Your copy should begin with the line containing "Neoline x cop", end with the line containing "HBCU Pets Scarf", match the listing below exactly, and contain no pictures.
START SUPPLIED RECORDS
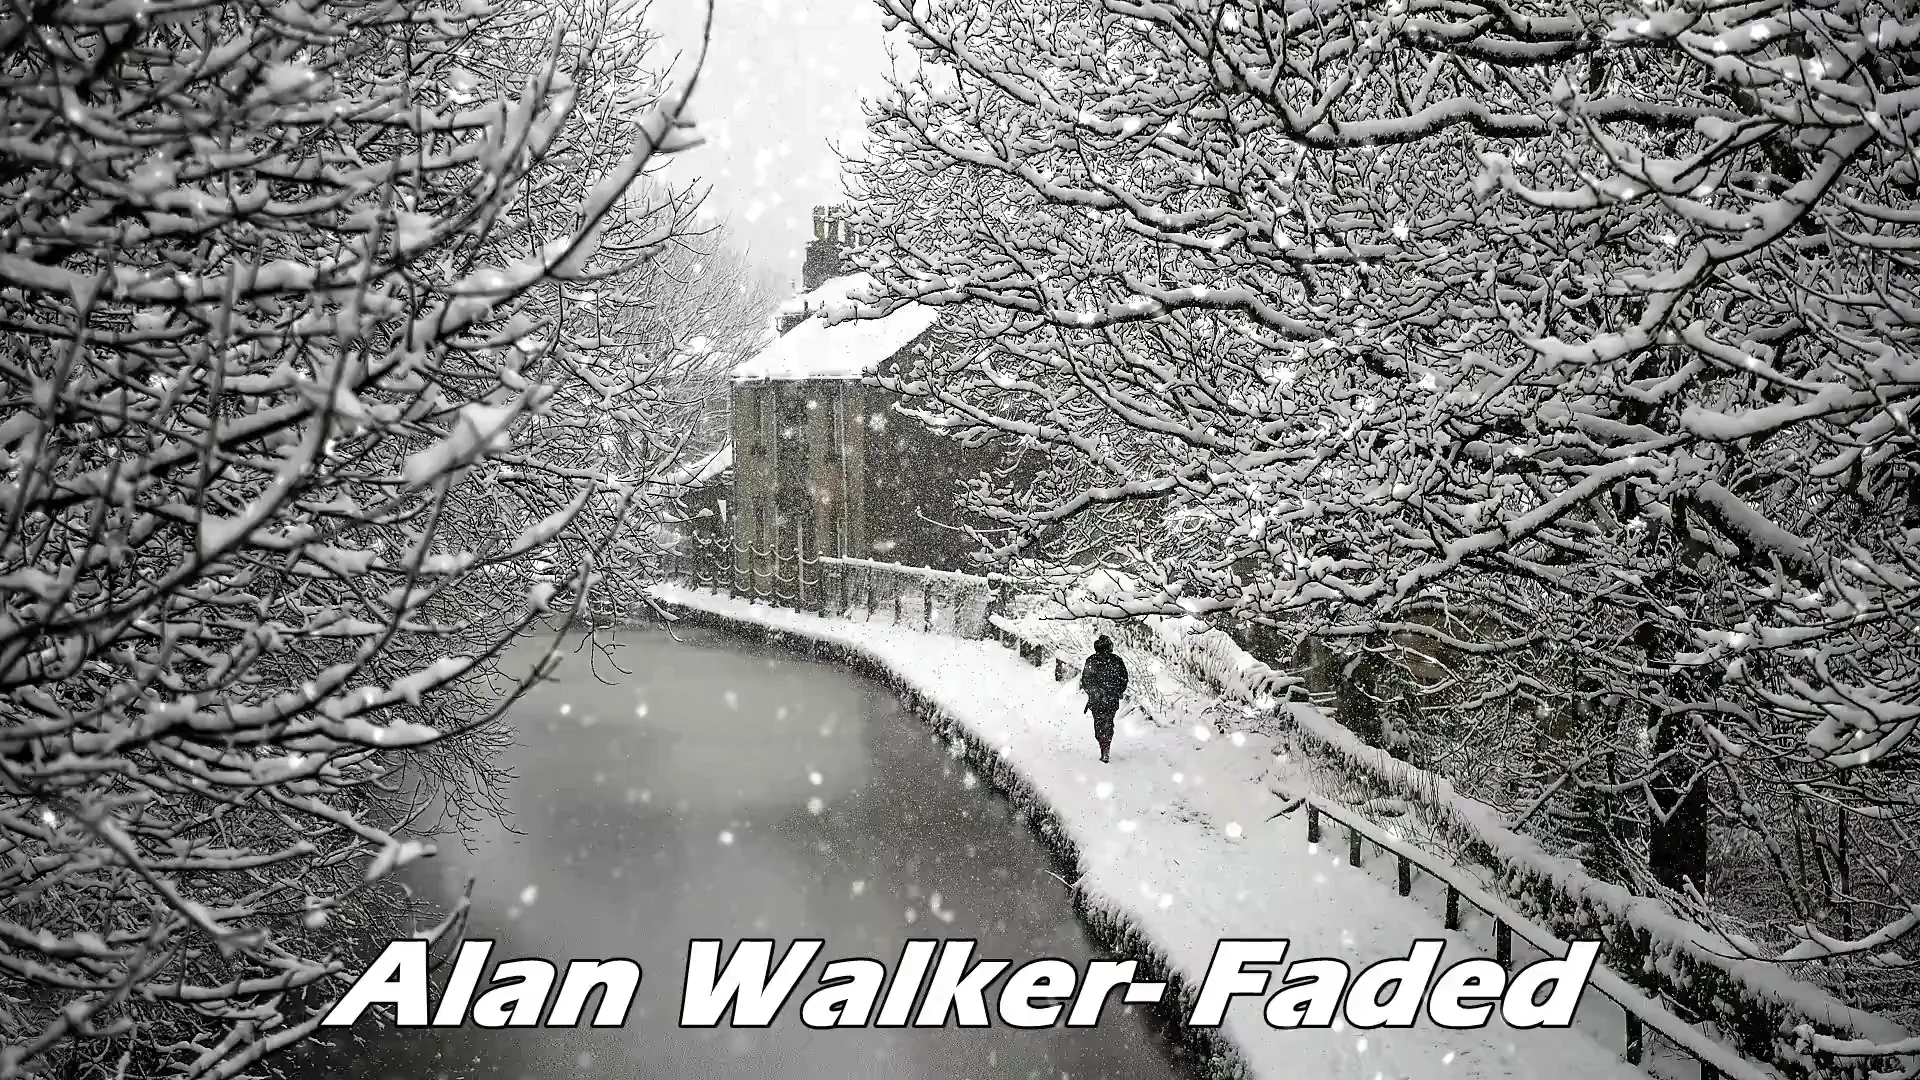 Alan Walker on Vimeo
END SUPPLIED RECORDS
START SUPPLIED RECORDS
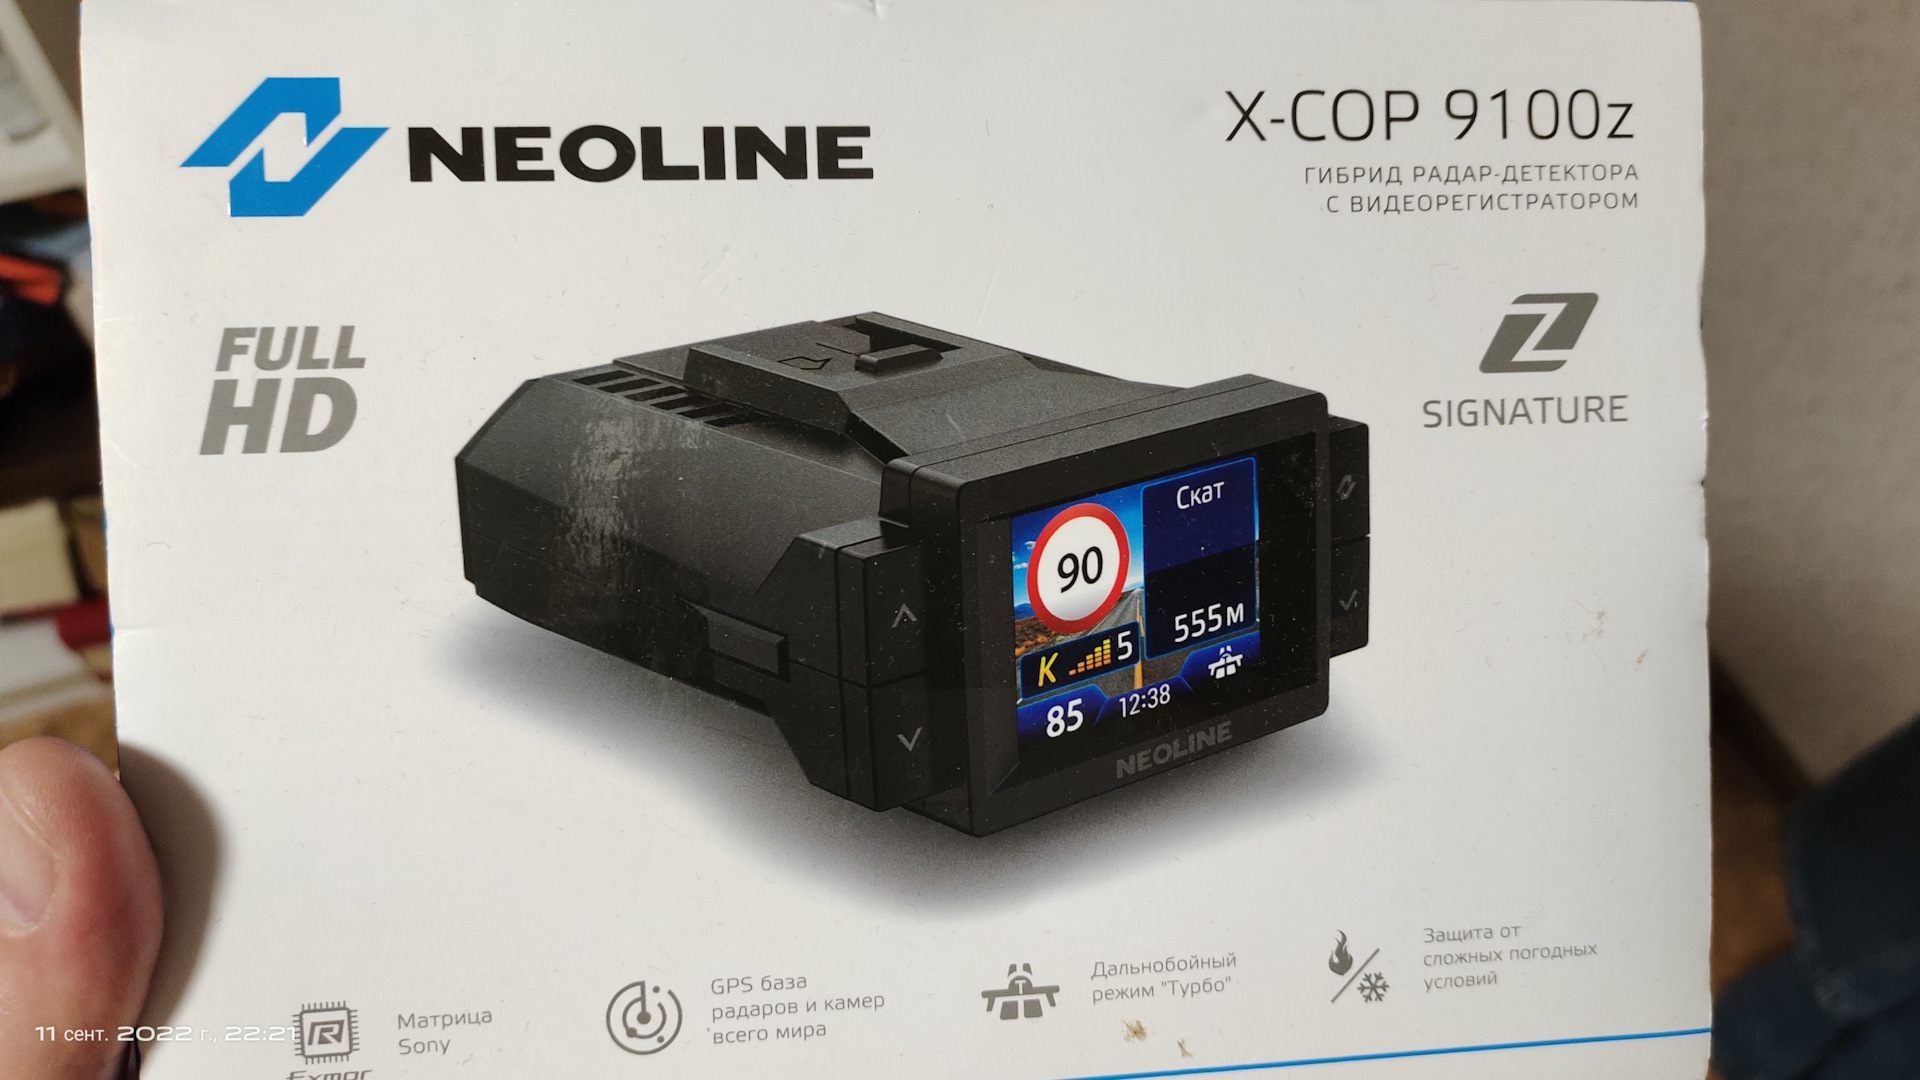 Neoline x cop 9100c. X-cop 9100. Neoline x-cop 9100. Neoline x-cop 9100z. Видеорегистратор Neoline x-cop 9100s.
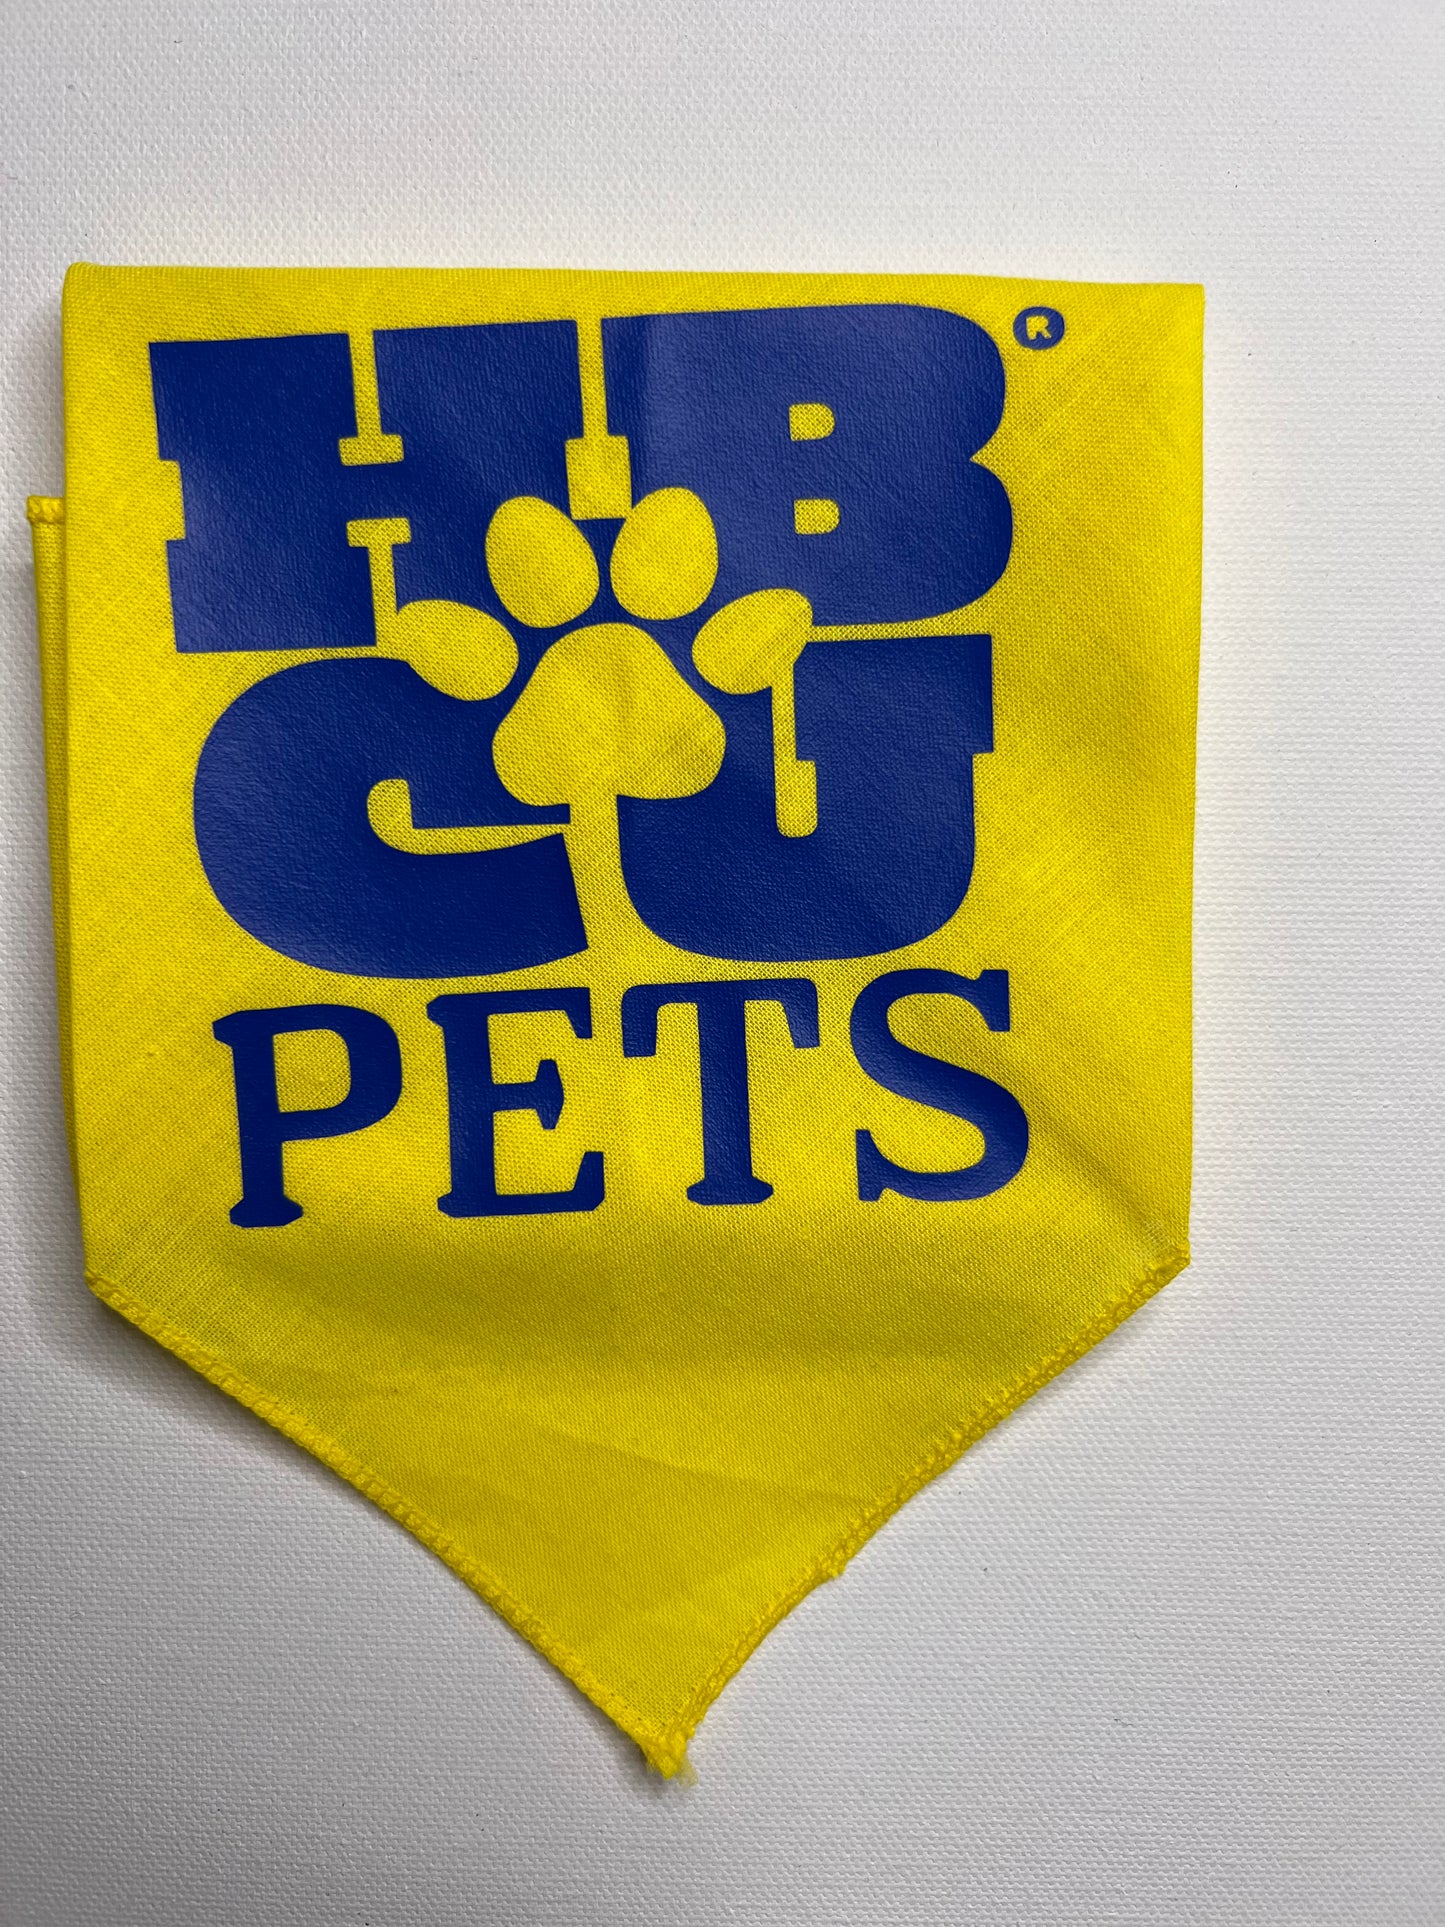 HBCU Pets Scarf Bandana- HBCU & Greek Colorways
END SUPPLIED RECORDS
REPLY TO THE EXERCISE:
 Neoline x cop 9100c. X-cop 9100. Neoline x-cop 9100. Neoline x-cop 9100z. Видеорегистратор Neoline x-cop 9100s.
 HBCU Pets Scarf Bandana- HBCU & Greek Colorways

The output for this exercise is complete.